Between sets of 6-9 oral exams, I gave myself 30-minute breaks to fill in my feedback on Gradescope, assign a score, and take a breather so that I could start the next set with a high level of engagement. (I didn’t want any of the students to realize I felt like Bill Murray’s character did when he experienced Groundhog Day for the 27th time.)

My assessment rubric was pretty simple and reflected the accuracy and completeness of the student’s answer for each question.  As I stated earlier, I gave each student feedback on the components they got wrong, along with encouraging feedback about what they got right.  I definitely didn’t give points for eloquence.  Overall, the oral exam represented about 25% of each student’s exam grade.

What would you do differently in the future, and what aspects would you maintain?

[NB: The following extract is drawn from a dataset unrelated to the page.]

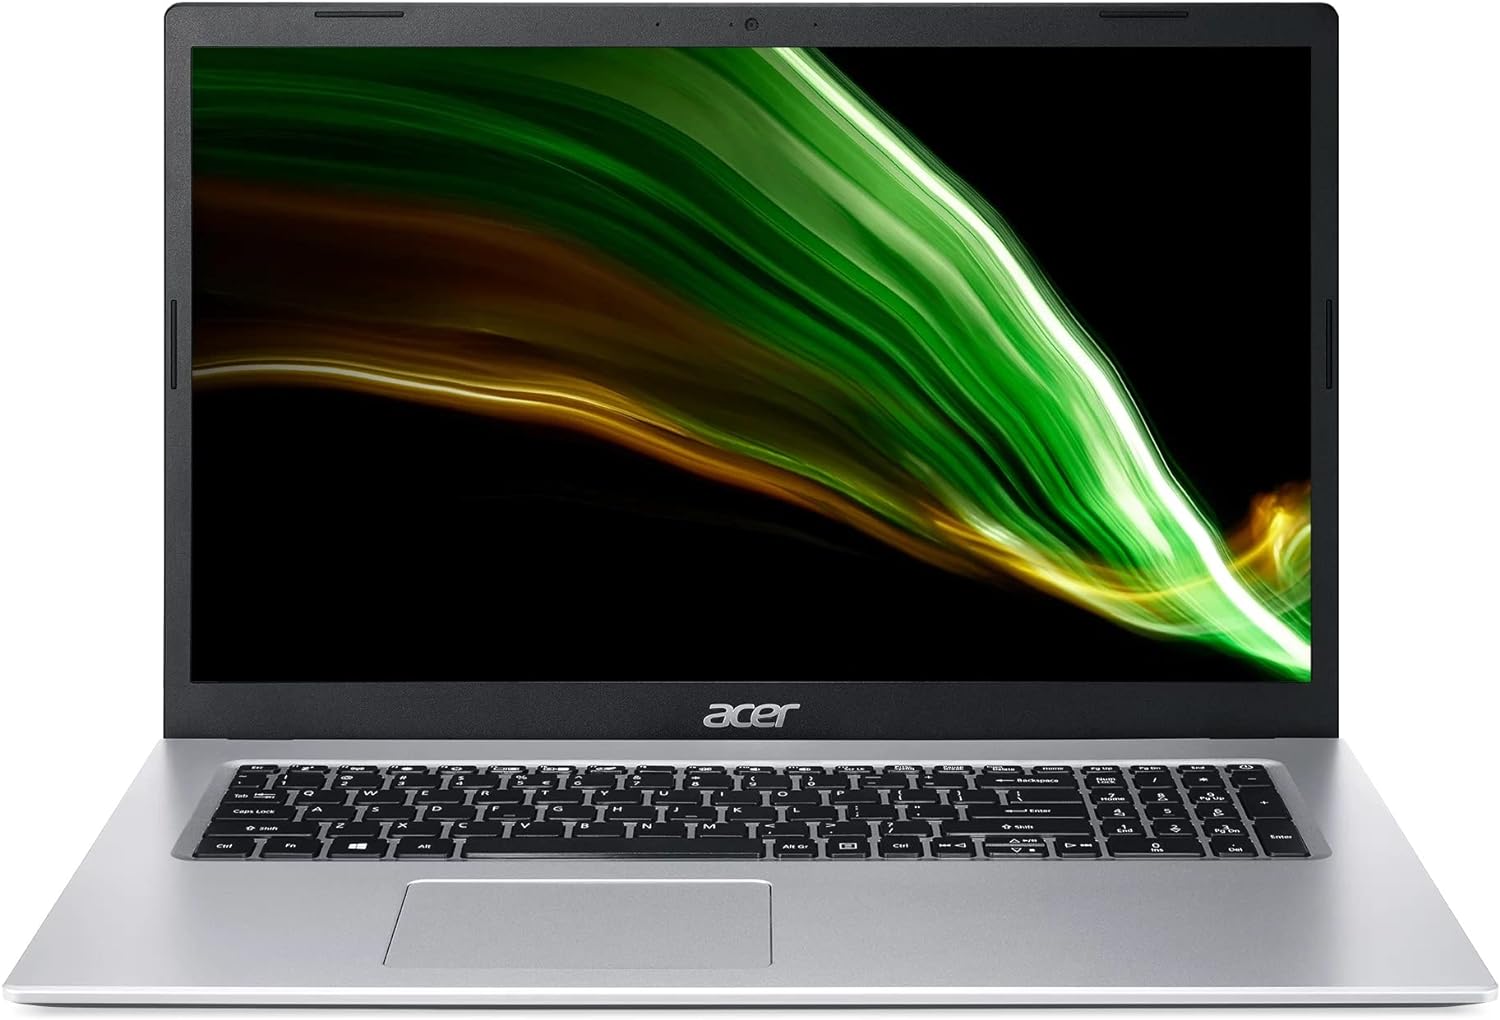 Comparing 5 Laptops: Acer Aspire 1, HP Stream, HP Portable, Acer Aspire 5, Lenovo Ideapad

Kelly: In the future, I will consider having a question bank instead of asking each student the same set of questions. I like to think there wasn’t much cheating on the oral exams, but a student definitely could have shared the questions they were asked with a friend who took the exam at a later time.  I will also increase the testing slots to 15 minutes to allow for a bit more in-depth discussion of a concept.

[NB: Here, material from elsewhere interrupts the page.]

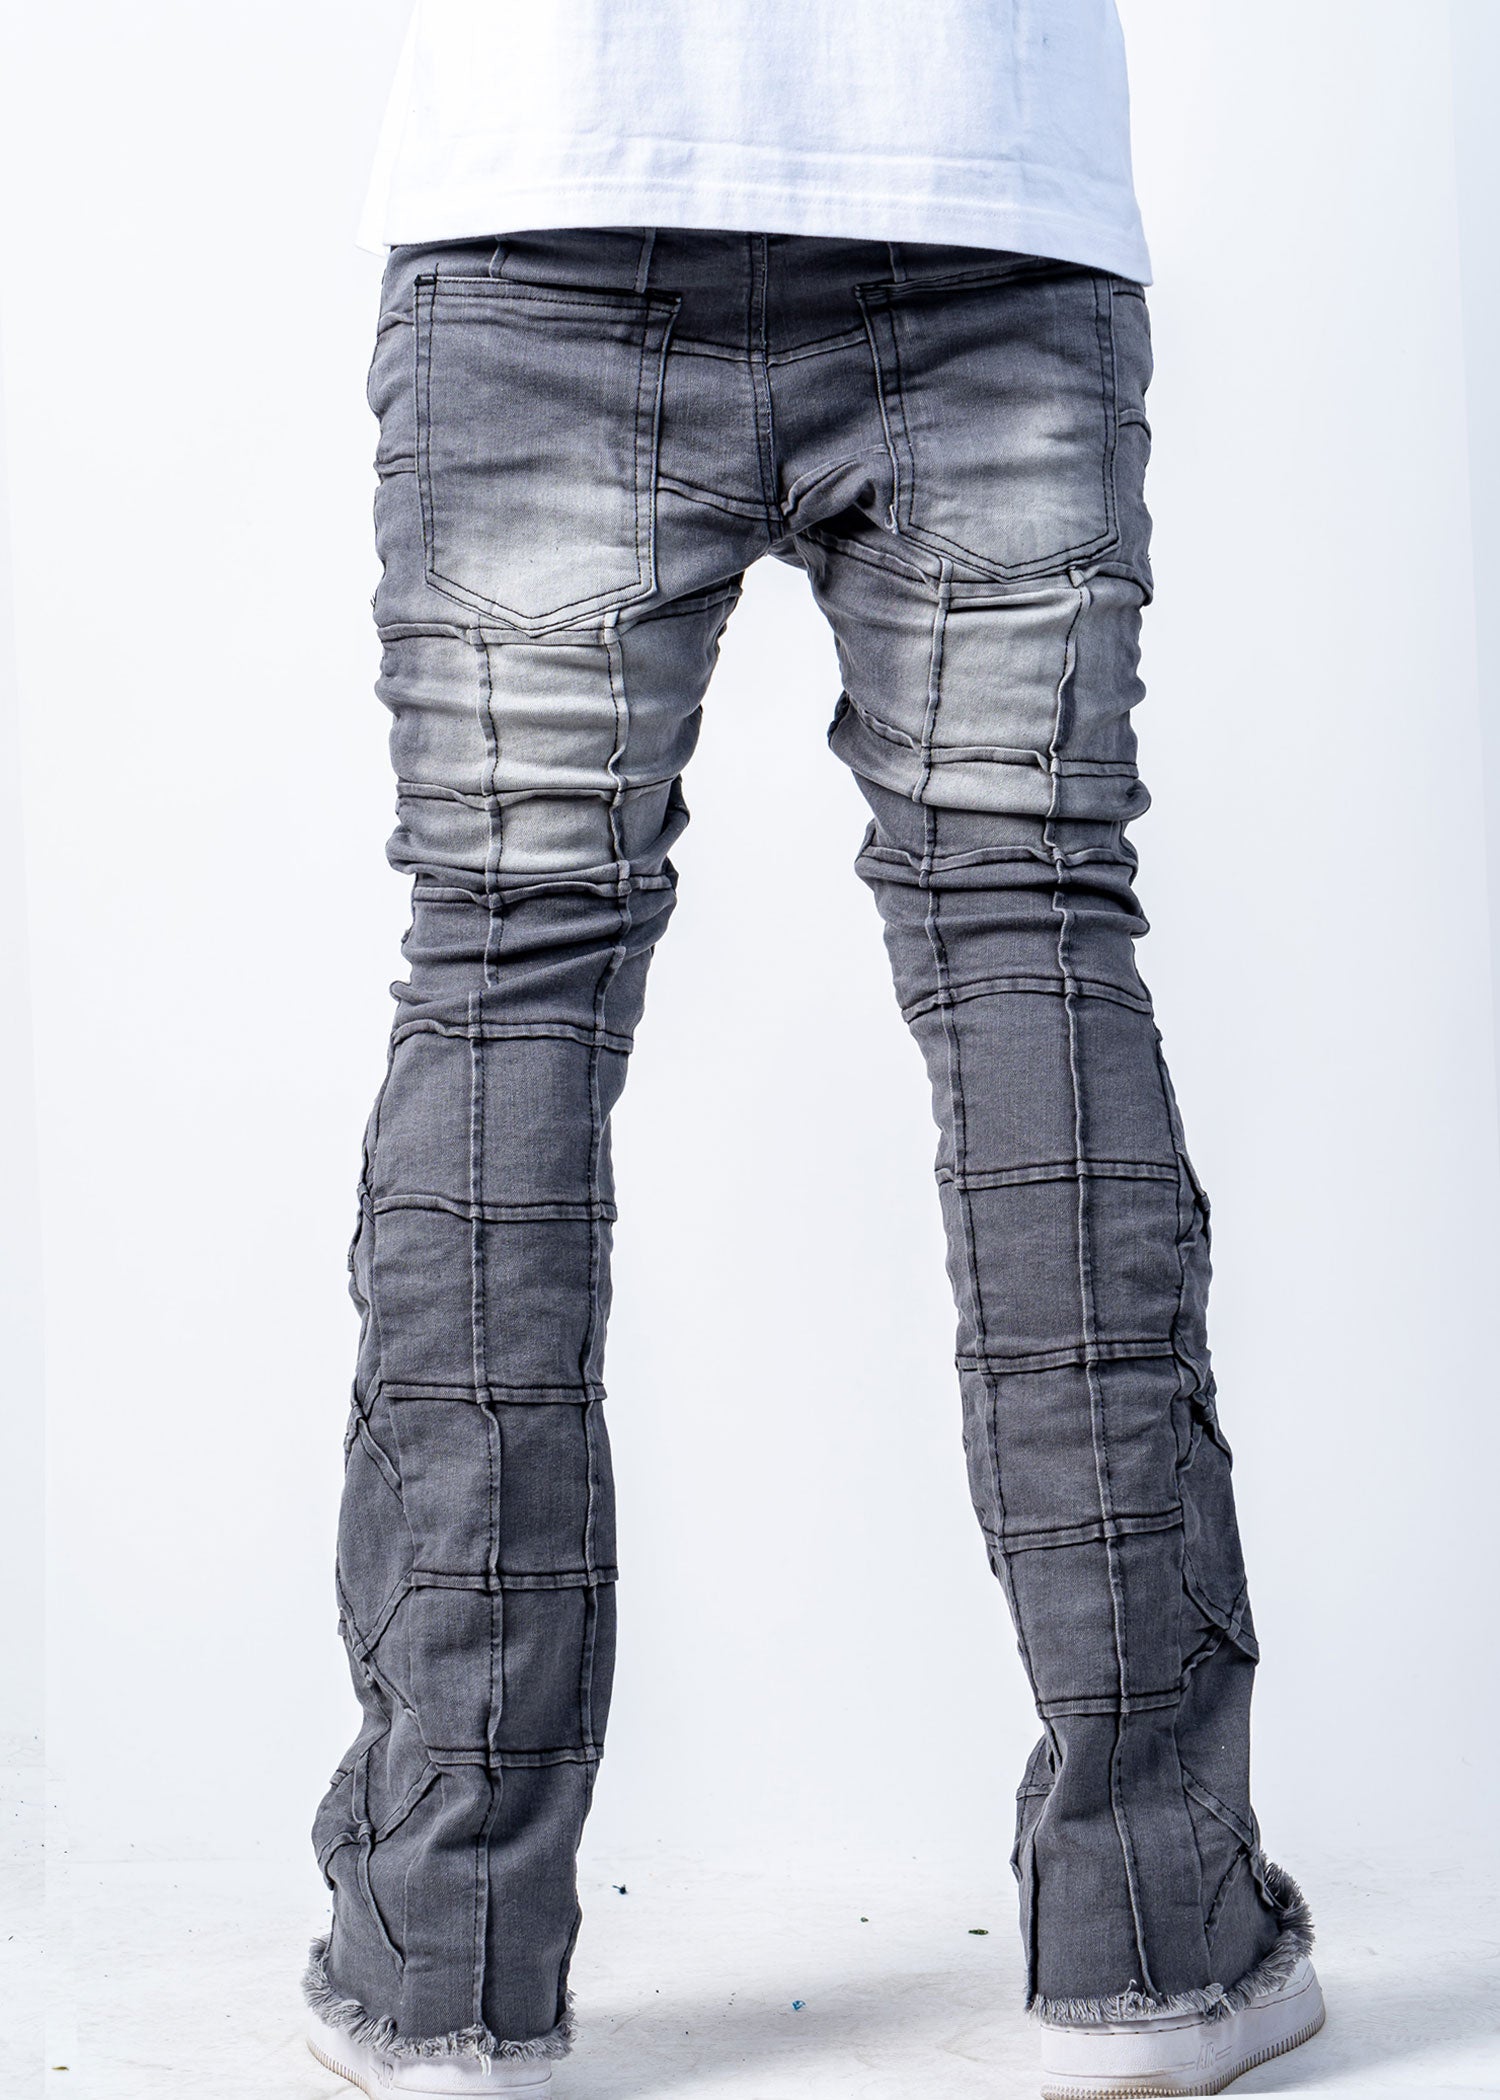 Buy Blue Jeans for Men by DNMX Online | Ajio.com

I think I need to develop a clearer idea upfront of how much the instructors should lead students who are missing the mark.  I firmly believe that learning can happen during an exam, and an instructor’s leading questions can help a student who has strayed off the path to get back on and connect ideas.  For consistency, the lab instructors and I did very little leading this first time around.  When a student didn’t have much of an answer to a question, we just moved on to the next question.  I think that led to some missed learning opportunities.

In terms of what I’ll keep, I liked that the exam built off a data context that the students had already explored, so we didn’t have to spend time setting up the problem.  I will also continue asking questions that require explanations, requiring them to verbalize their thought process.

Paul: Although I plan to keep learning from others’ experiences and from researchers who have systematically studied oral exams, aspect that I’d like to keep include:

• Basing the exam on a recently completed assignment.  To me, this provided a good base from which to launch into discussions of concepts and connections.
• Allowing students to choose ahead of time the first question they’ll answer.  More than one student admitted how nervous they were when we were just starting, but they seemed to calm down after successfully going through their prepared response. Several admitted at the end that the oral exam went much faster and was not nearly as scary as they feared.
• Having an adaptive and loose script.  I believe I was able to fairly evaluate students even without a fixed set of questions (and there’s no risk that fixed script can get out), and the conversation felt more genuine, authentic, and personal, adapted to a student’s level of understanding.
• Conducting it over zoom.  Even though this is less personal than meeting in person, it’s great for sharing screens back and forth, for maintaining a tight timeline and extending into evening hours, and for recording the conversation.
• Keeping the length at 15 minutes.  Anything less seems too rushed and not conversational enough, but anything more seems unnecessary for establishing a proper assessment.
• Grading with the 4-point rubric.  I’m convinced that the total time spent developing, administering, and grading the exam was significantly less than with a conventional written test, and the grades were just as reflective of students’ learning.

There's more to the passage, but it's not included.